■ EXERCISE DIRECTIONS
Among the entries below, one stretch runs from the line that contains "Syrians walk along" through the line that contains "A Quick Look". Repeat that stretch exactly, ends included, and only that.

■ DATA FOR REVIEW
#####
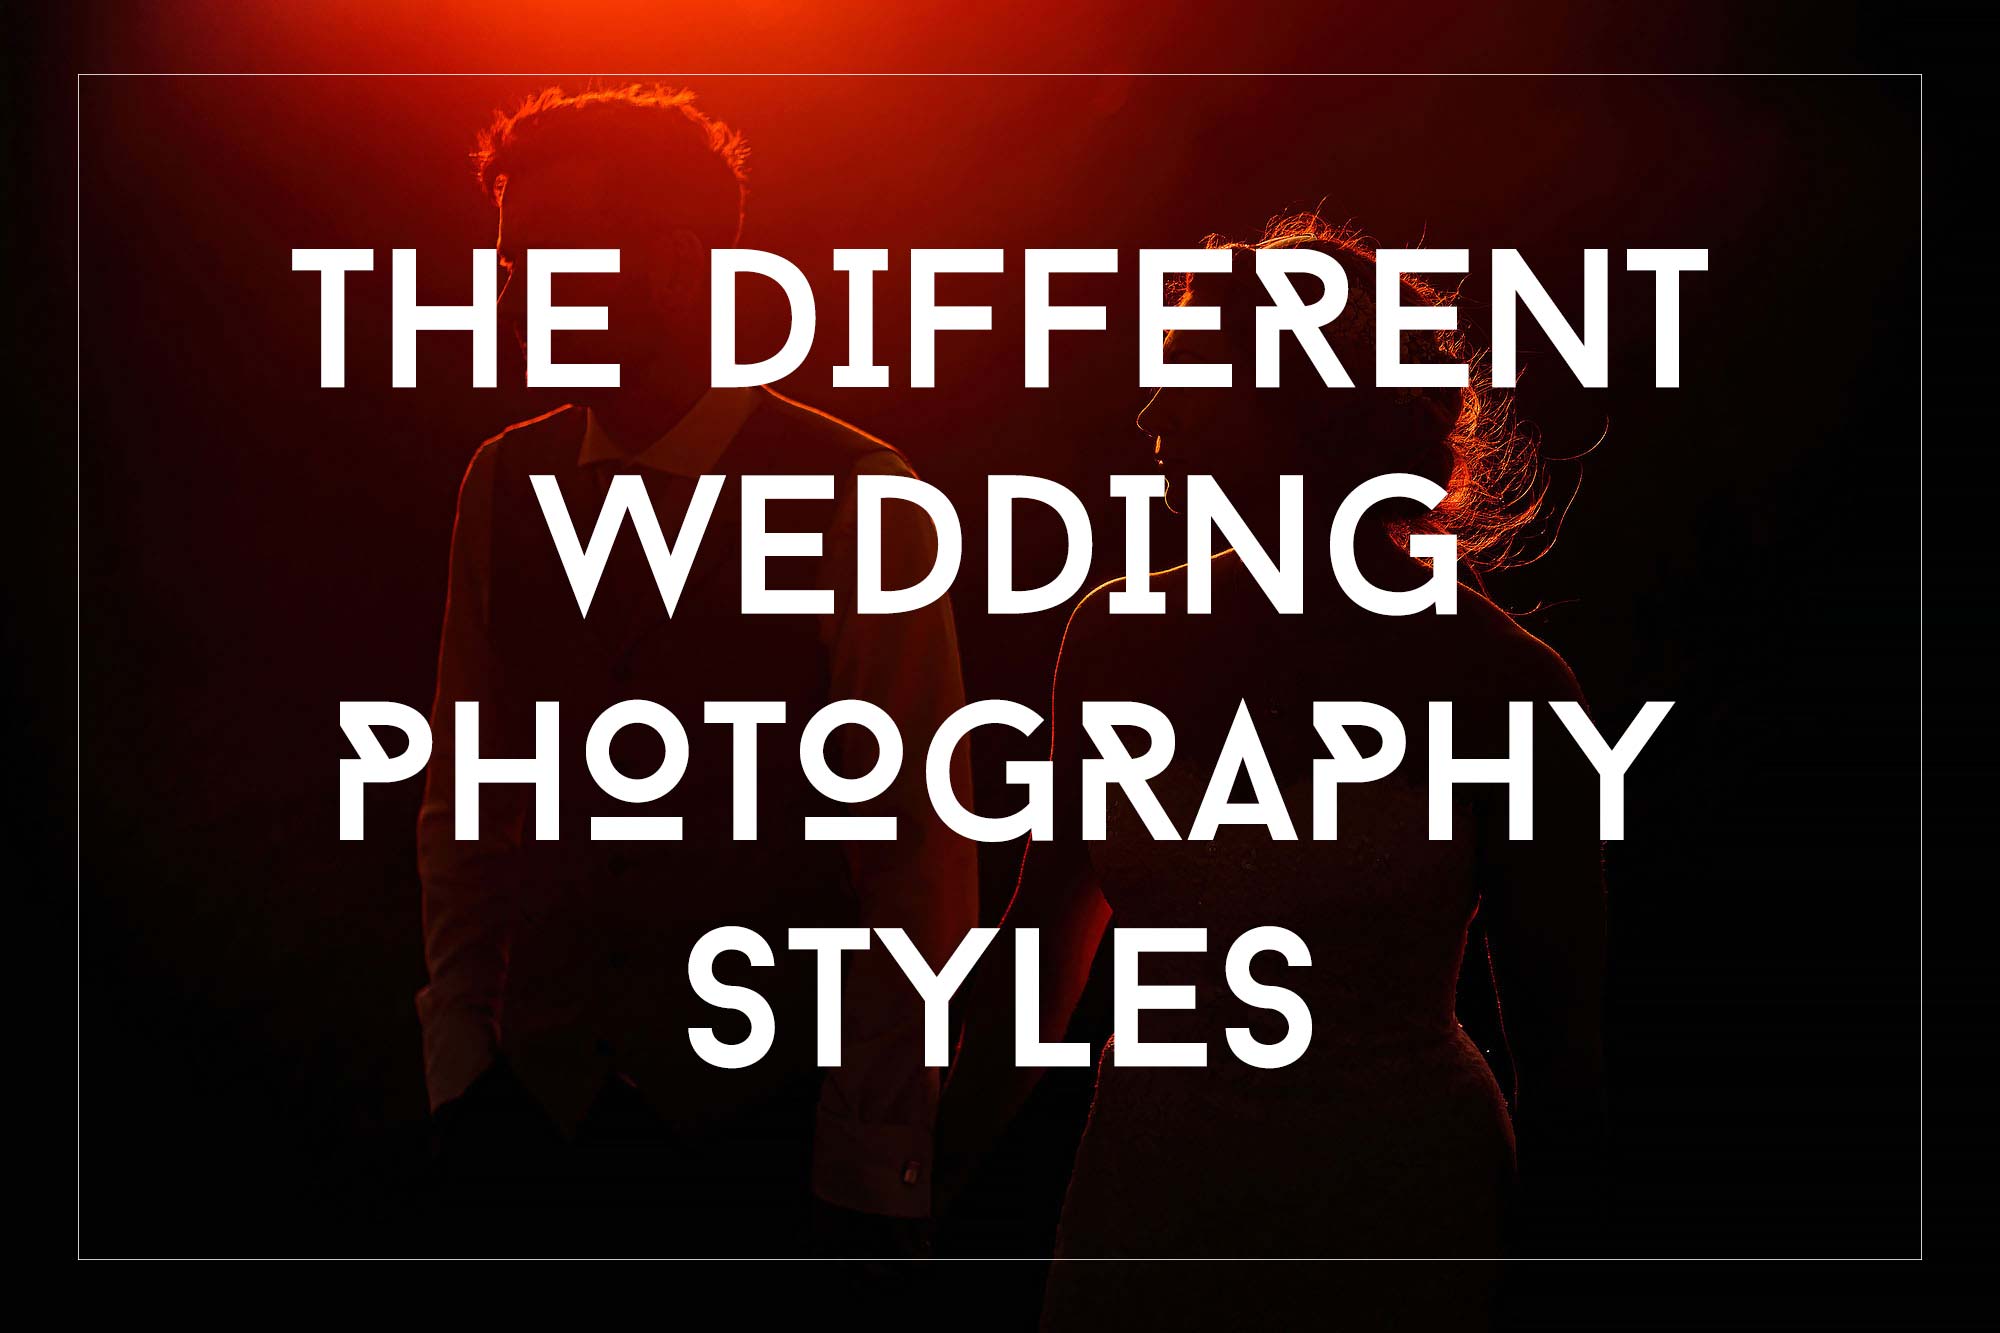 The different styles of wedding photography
#####
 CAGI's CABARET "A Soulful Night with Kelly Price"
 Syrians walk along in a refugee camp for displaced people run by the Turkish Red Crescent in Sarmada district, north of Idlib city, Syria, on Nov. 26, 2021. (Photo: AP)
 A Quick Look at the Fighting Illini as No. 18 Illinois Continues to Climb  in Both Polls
#####
■ SOLUTION TO THE PROBLEM
 Syrians walk along in a refugee camp for displaced people run by the Turkish Red Crescent in Sarmada district, north of Idlib city, Syria, on Nov. 26, 2021. (Photo: AP)
 A Quick Look at the Fighting Illini as No. 18 Illinois Continues to Climb  in Both Polls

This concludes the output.